+++ Given data +++

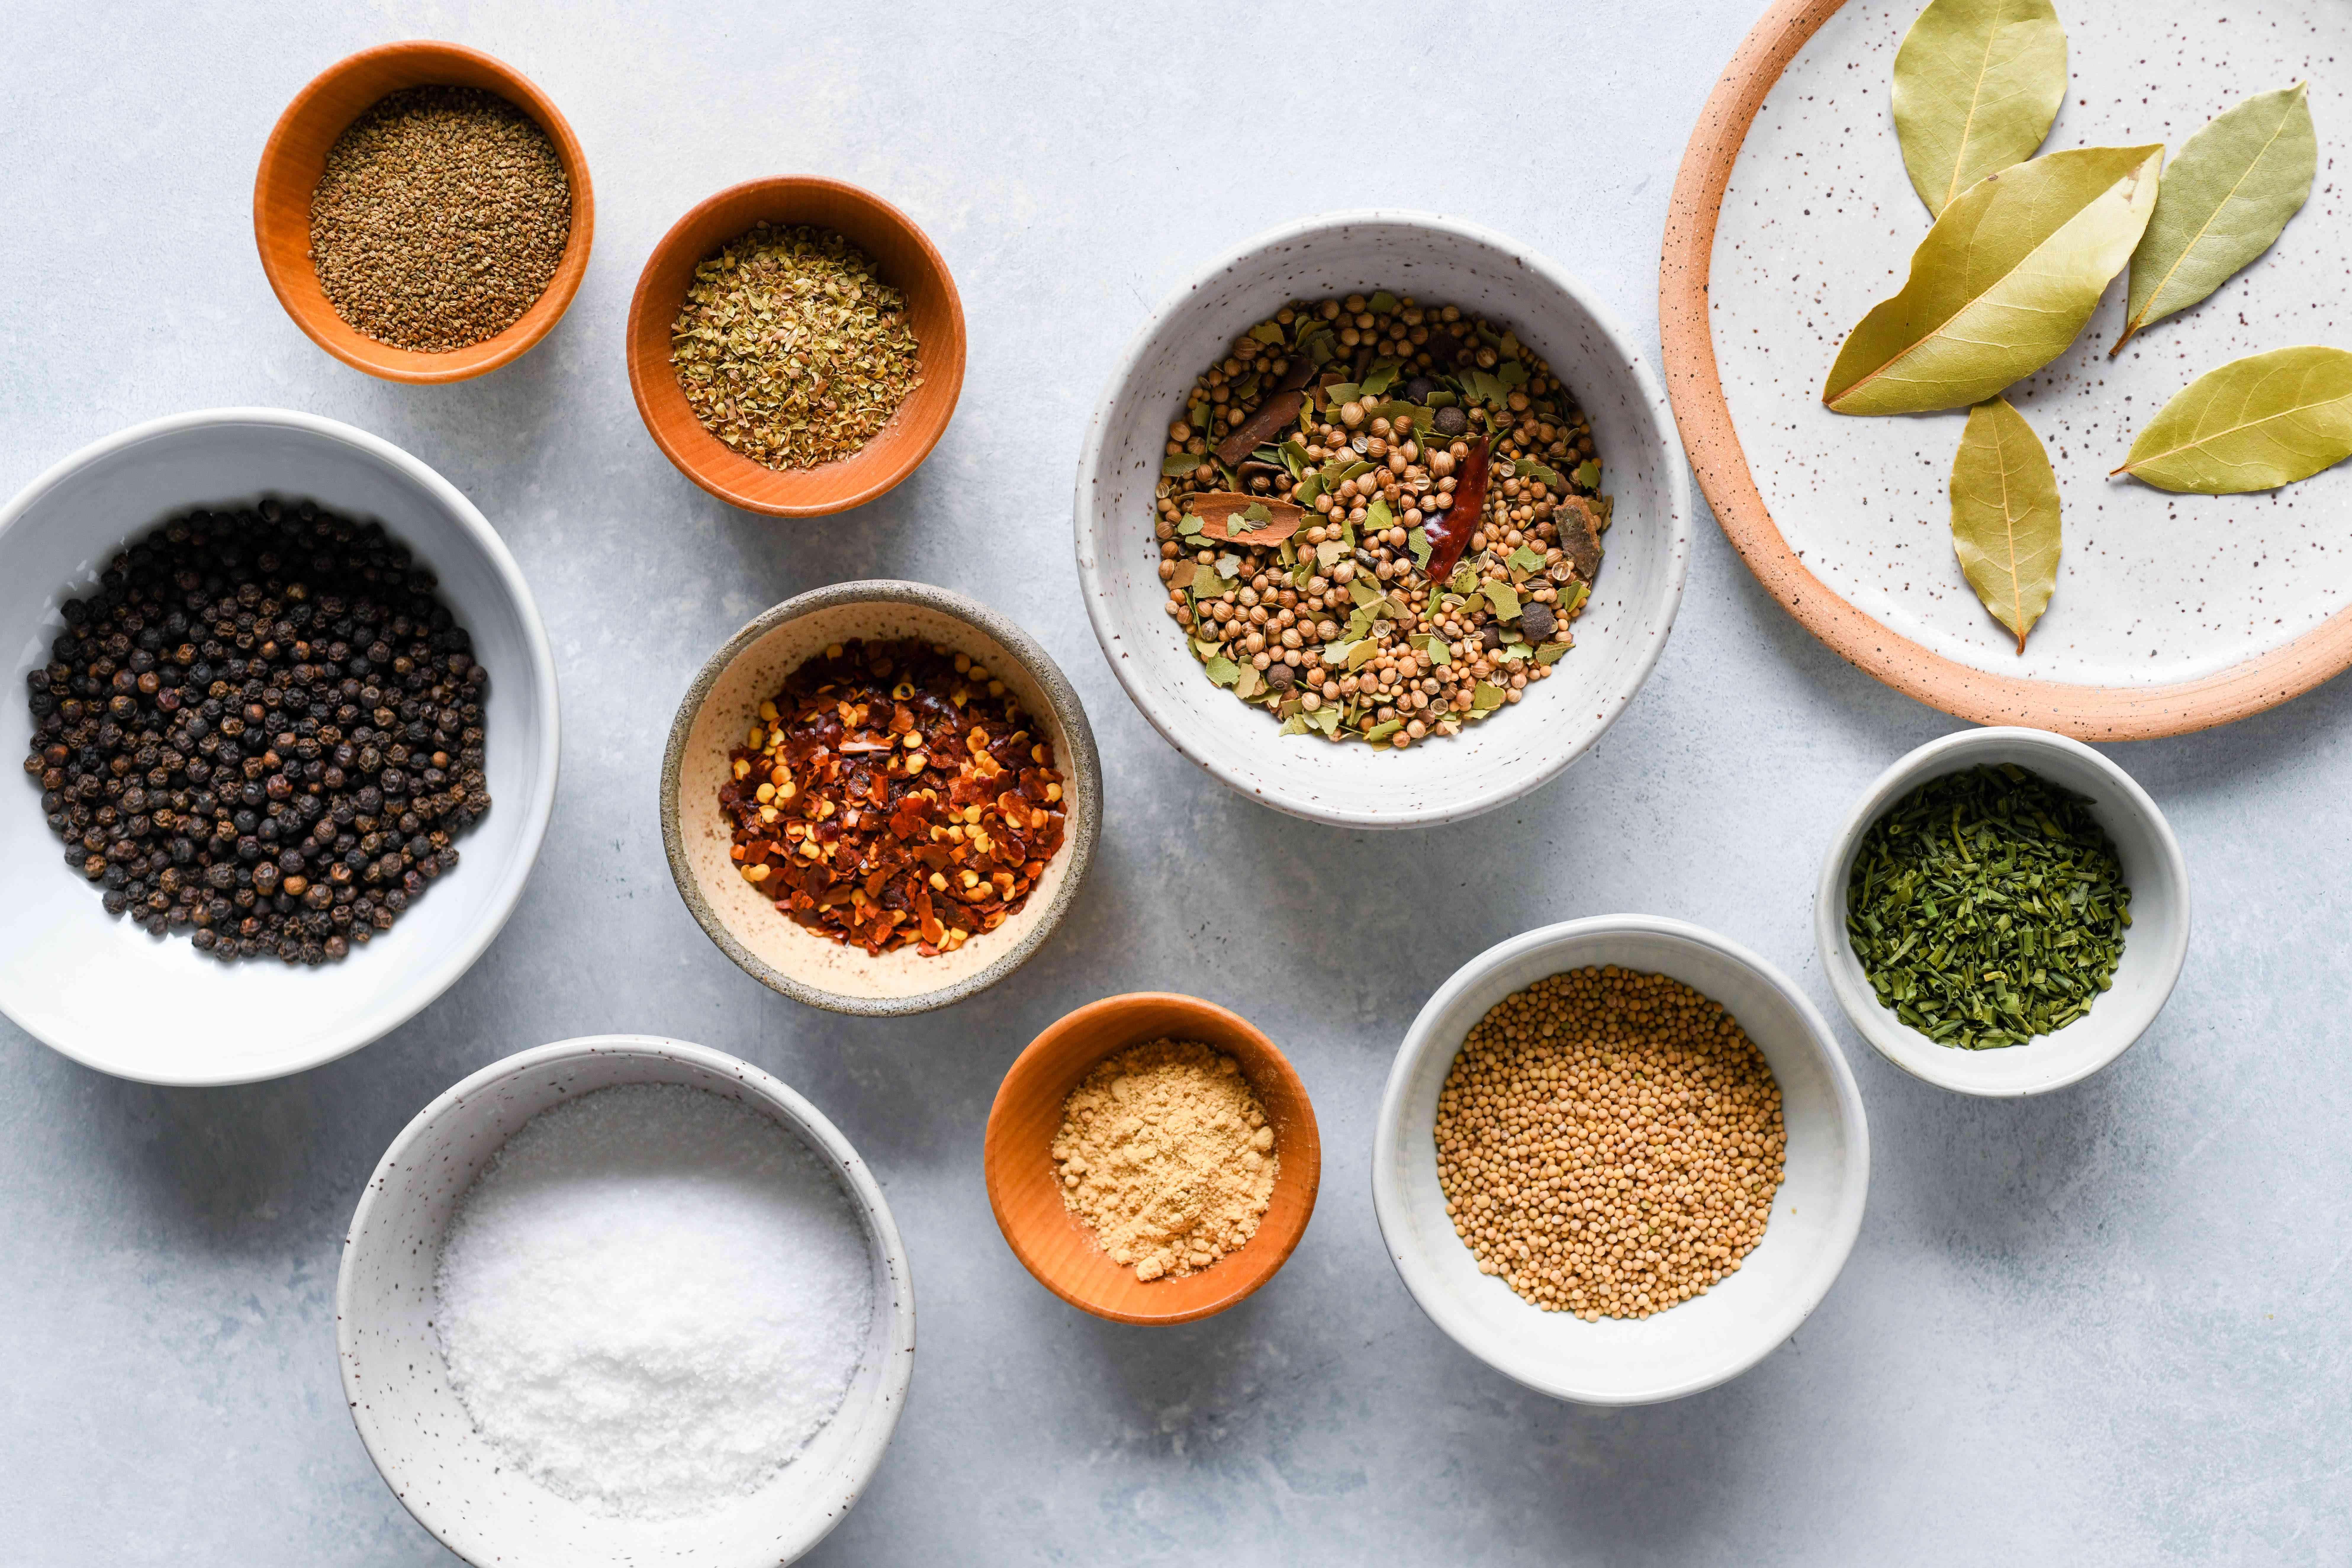 Crab Boil Spice Mix ingredients
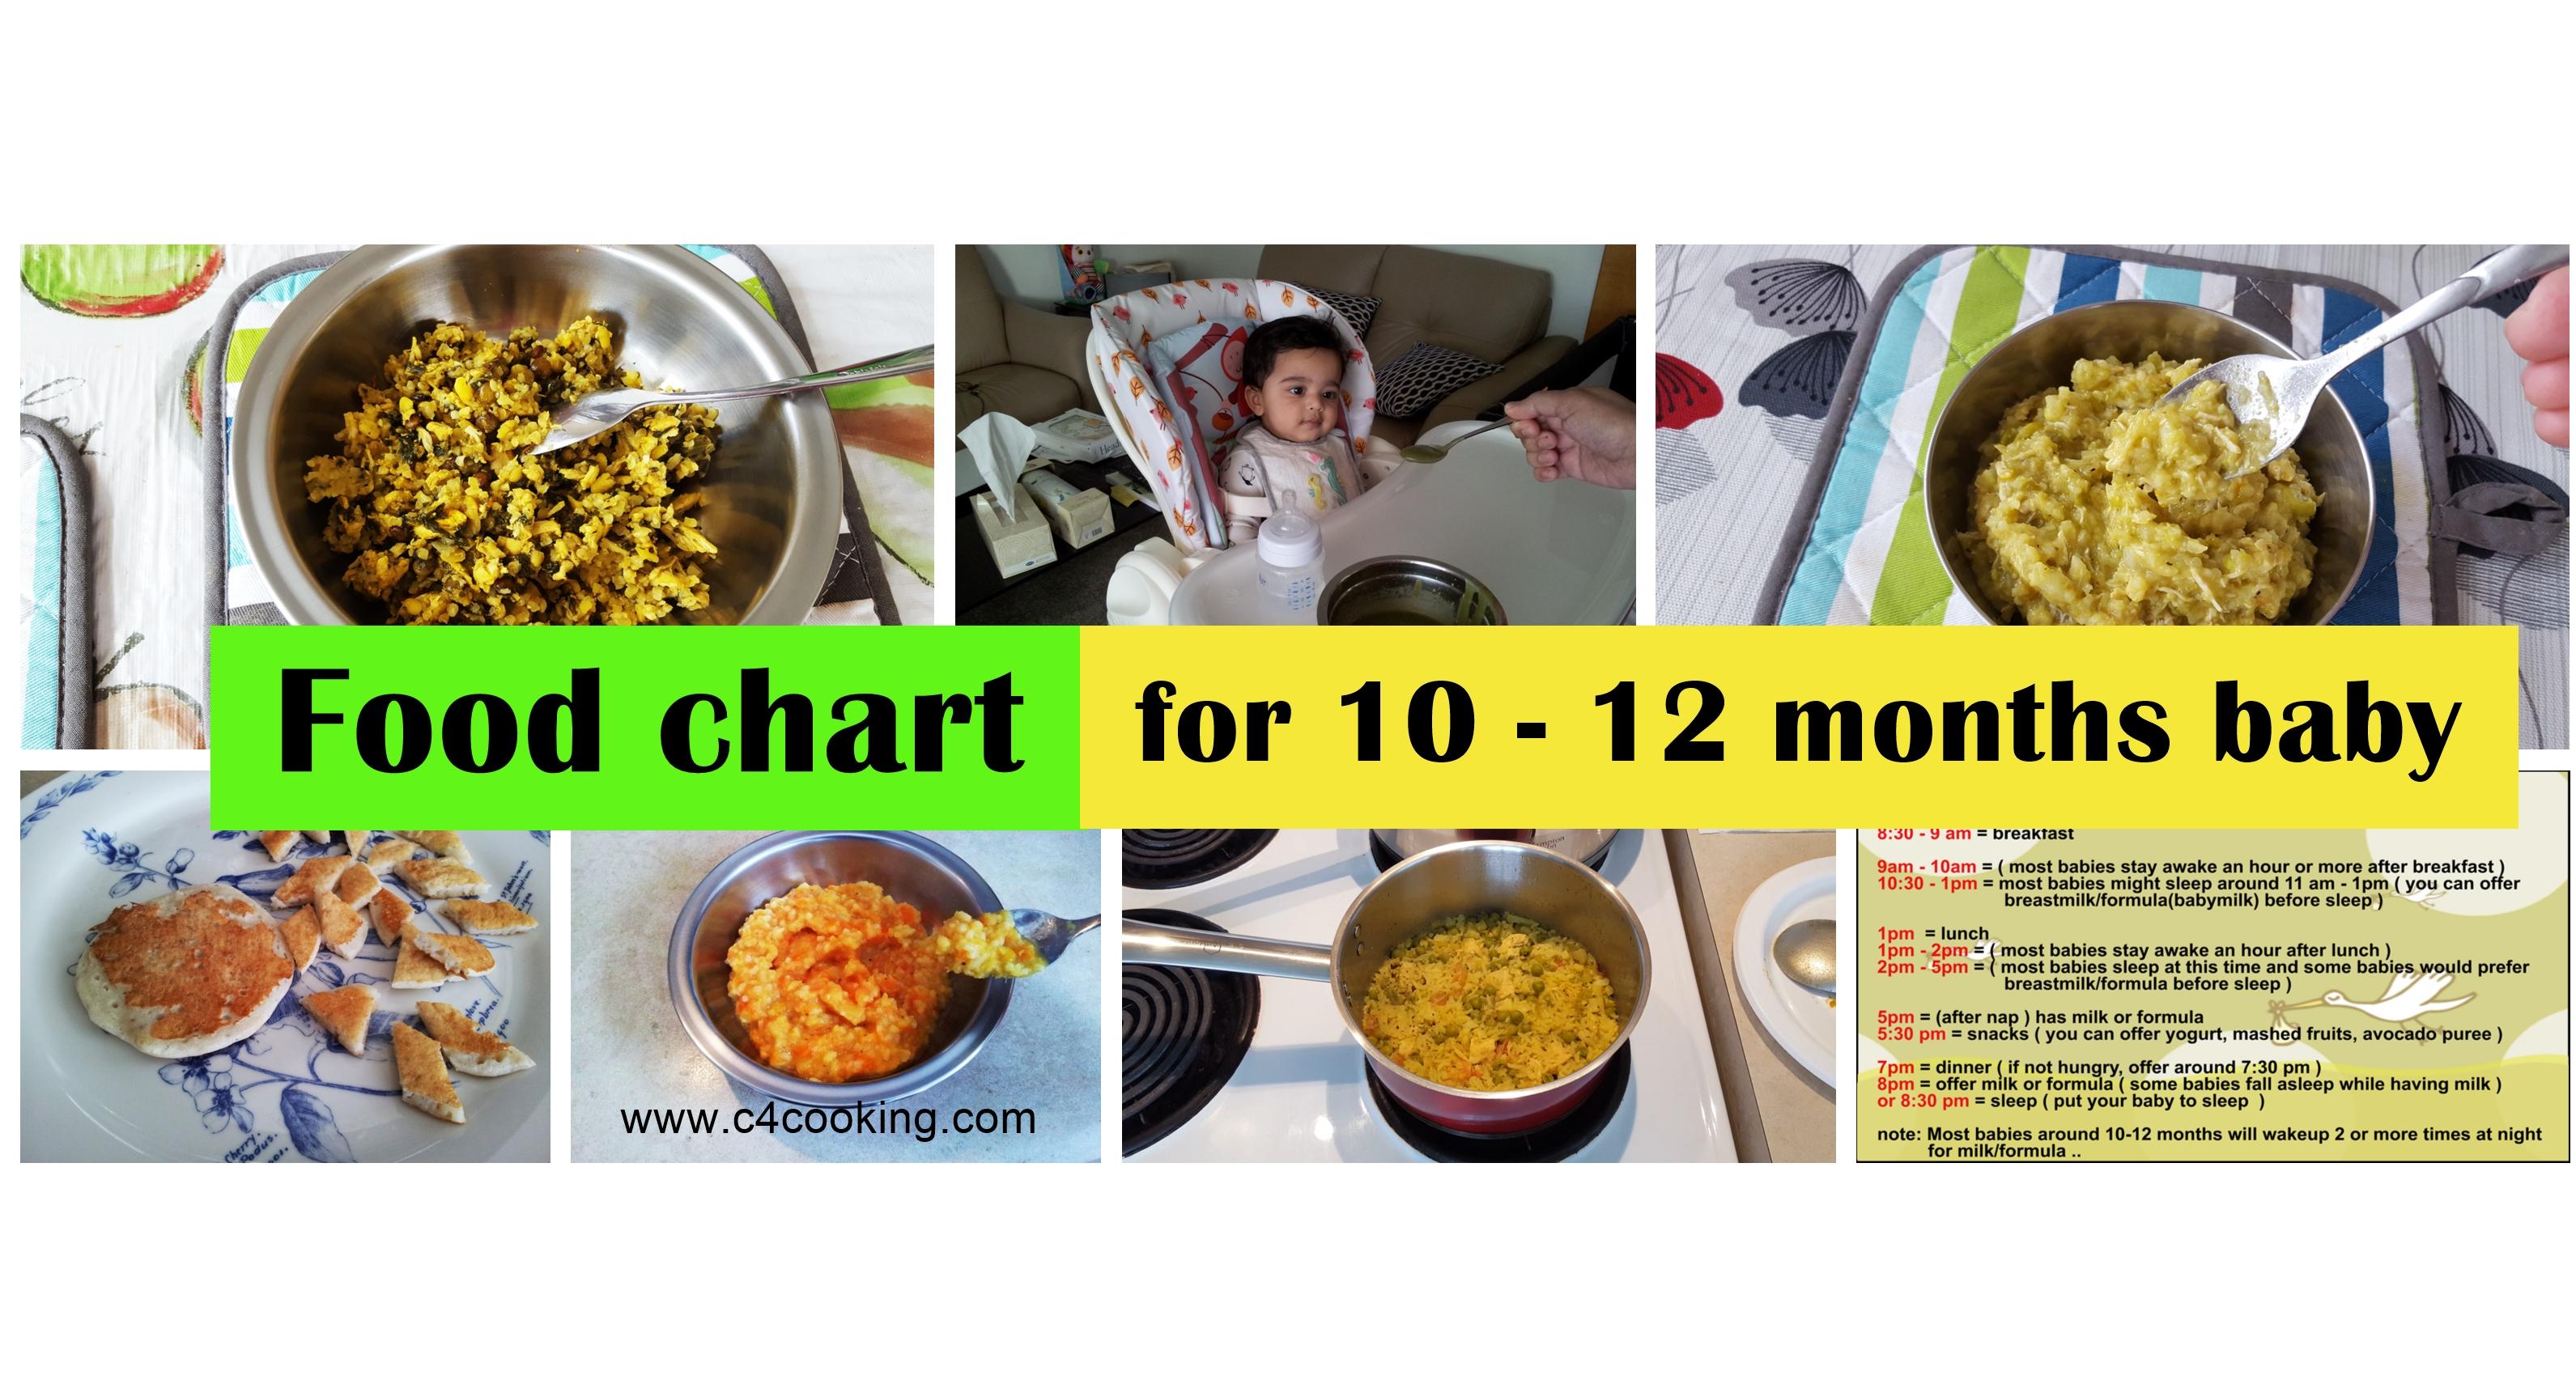 10 months baby food chart, 11 months baby food chart, 12 months baby food chart
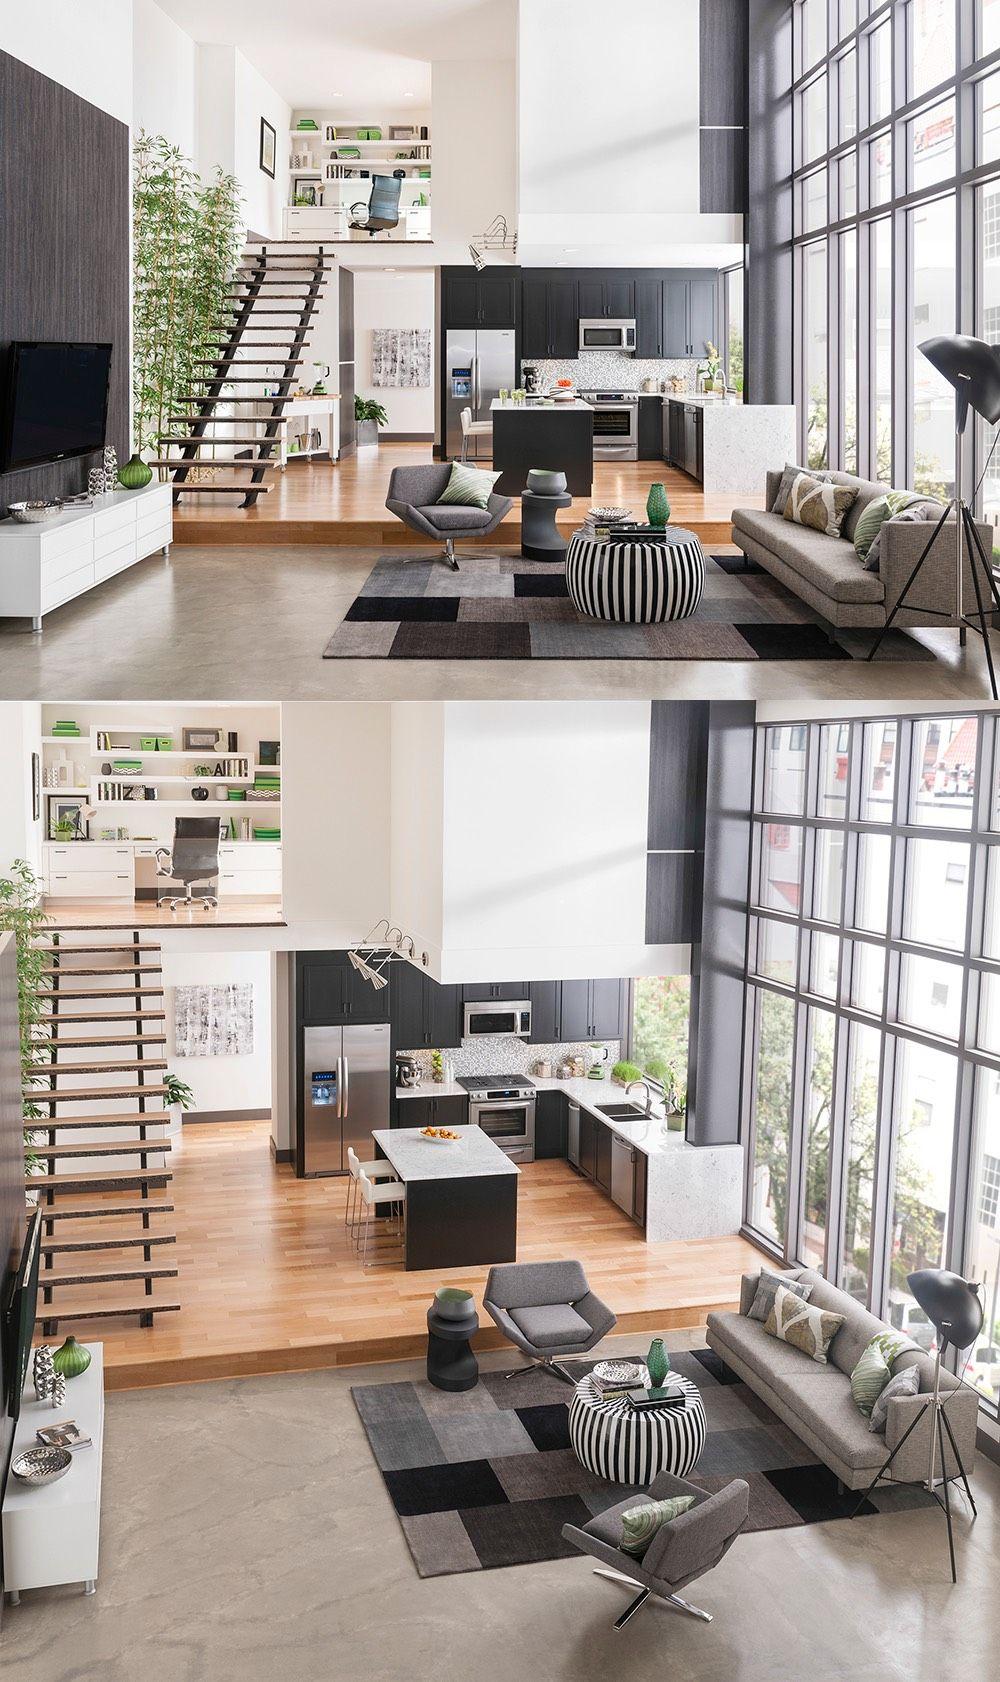 Loft house design duplex modern interior also minimal inspiration home pinterest apartment rh

+++

Problem statement ::
The data above should be repeated exactly, minus any pictures.

Task answer ::
 Crab Boil Spice Mix ingredients
 10 months baby food chart, 11 months baby food chart, 12 months baby food chart
 Loft house design duplex modern interior also minimal inspiration home pinterest apartment rh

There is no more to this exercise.